The stats that prove Liverpool’s defensive shortcomings are widely exaggerated

14 May 2018

An easy assumption to make this season is that Liverpool are weak defensively, but statistics prove that opinion to be wide of the mark.


The Reds are famed for their vibrant attacking football under Jurgen Klopp, with the front three of Mohamed Salah, Sadio Mane and Roberto Firmino very much the players who define this team.

Due to their expansive nature, and some high-profile defensive collapses, many believe Liverpool to be poor at the back, with goals leaked at an alarming rate.

End-of-season figures prove otherwise, however, with analyst Andrew Beasley revealing a eye-opening statistic after Sunday’s 4-0 win over Brighton at Anfield.

Incredibly, after the 4-1 loss at Tottenham back in October—one of the low points of the season—the Reds conceded the fewest goals in the Premier League.

The Wembley meltdown was just the ninth match of the campaign, meaning they went the next 29 games with a better record than much-praised defensive units Man United, Tottenham and Chelsea, as well as runaway champions Man City.
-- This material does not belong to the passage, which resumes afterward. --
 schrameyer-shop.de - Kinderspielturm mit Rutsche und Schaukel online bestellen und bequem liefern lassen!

Liverpool let in just 22 goals in that time, at an average of 0.75 per game, with City next up having conceded 23.

Many will point to the arrival of Virgil van Dijk as the catalyst for this impressive run, but although the Dutchman has been magnificent since his record-breaking January switch, it is not all down to him.
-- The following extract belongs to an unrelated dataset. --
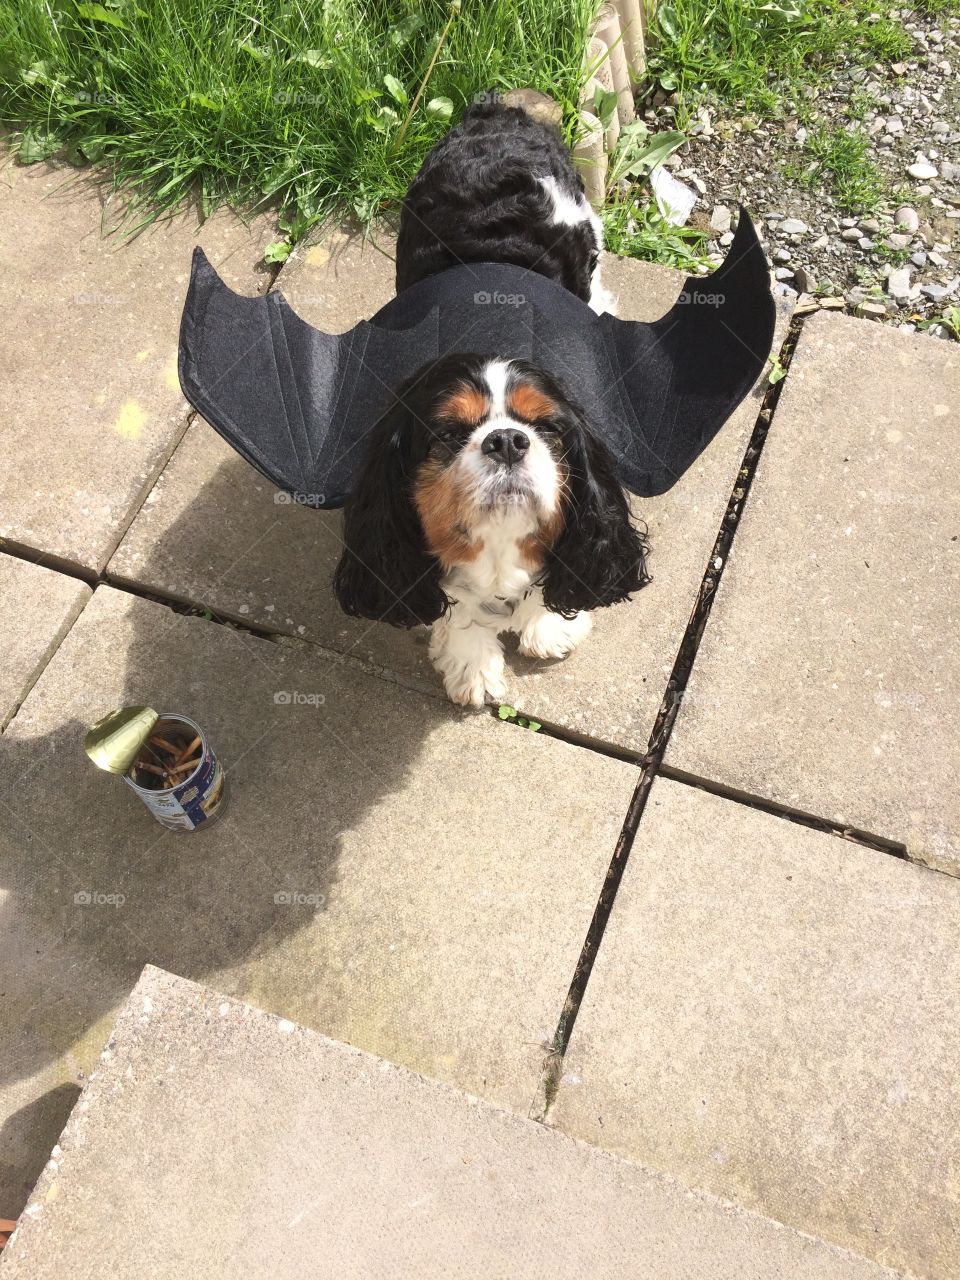 Dog with bat wings. Batdog.

Fourteen of those 29 matches were played before he made his league debut, and Liverpool’s goal was breached on only nine occasions in that time. A third of those came in the 3-3 draw at Arsenal.

LIVERPOOL, ENGLAND - Sunday, May 13, 2018: Liverpool's manager Jürgen Klopp applauds the supporters as the players perform a lap of honour after the FA Premier League match between Liverpool FC and Brighton & Hove Albion FC at Anfield. Liverpool won 4-0. (Pic by David Rawcliffe/Propaganda)

This goes to show how lazy some opinions can be, and it is so pleasing to see the Reds improving all the time defensively with Klopp in charge.

There is a tendency for occasional defensive mishaps, most notably in dodgy outings away to Sevilla, Arsenal and Roma, which may be part of the reason for Liverpool being overly criticised in that area.

But they are far from the disaster area that they are painted as at the back, and Klopp doesn’t receive the praise he deserves for the way sets his side up.

Improvements must still be made, of course—there are times when Liverpool look too easy to get through—but they are getting better all the time.